When the Washingtonian magazine listed Mr. Greenspun as one of the region’s top 75 lawyers in 2002, the publication noted, “He often wins the unwinnable. … There aren’t many high-profile Virginia cases in which Greenspun, a master of his craft, hasn’t been involved.”

Mr. Albert’s trial concluded after the sportscaster pleaded guilty to a misdemeanor assault charge. He received no jail time and had the conviction cleared from his record.

A former president of the Fairfax Bar Association, Mr.

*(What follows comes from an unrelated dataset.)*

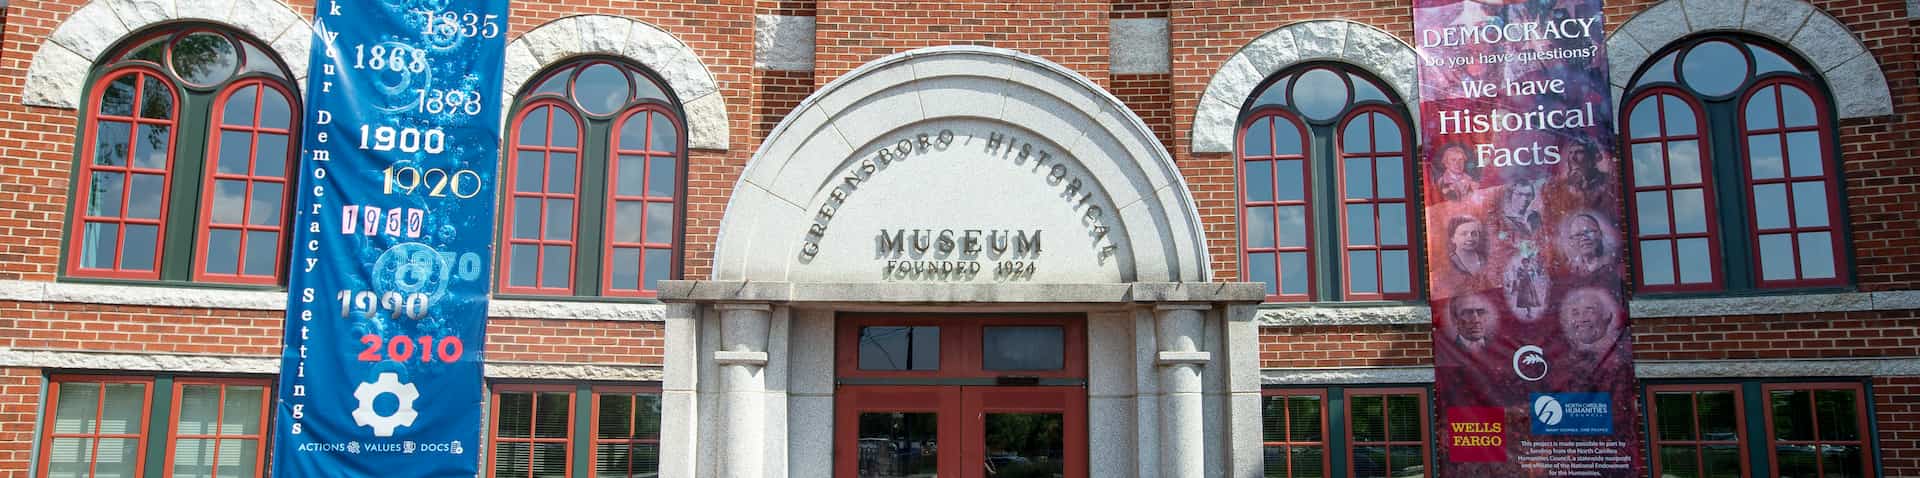 exterior of the Greensboro History Museum

Greenspun also is well-known for his defense of Caleb D. Hughes, a groundskeeper from Prince William County who in 1989 was charged with abducting 5-year-old Melissa Lee Brannen of Lorton. Mr. Greenspun tried his best to represent Hughes, even calling FBI hair-and-fiber expert Douglas Deedrick, who five years later was called to testify in the O.J. Simpson case.

In 1991, Hughes was sentenced to 50 years in state prison. Melissa has not yet been found.

Mr. Shapiro and Mr. Greenspun have been assigned to work together before. Last year, they were asked to defend Edward Y. Chen of Fairfax, accused of killing his parents and his older brother in 1995.

Last December, the lawyers averted a trial and worked out a 36-year prison sentence for Chen, who admitted to shooting his family members and leaving their bodies in the family’s home for nearly four years. Chen, 27, could have faced three life prison terms.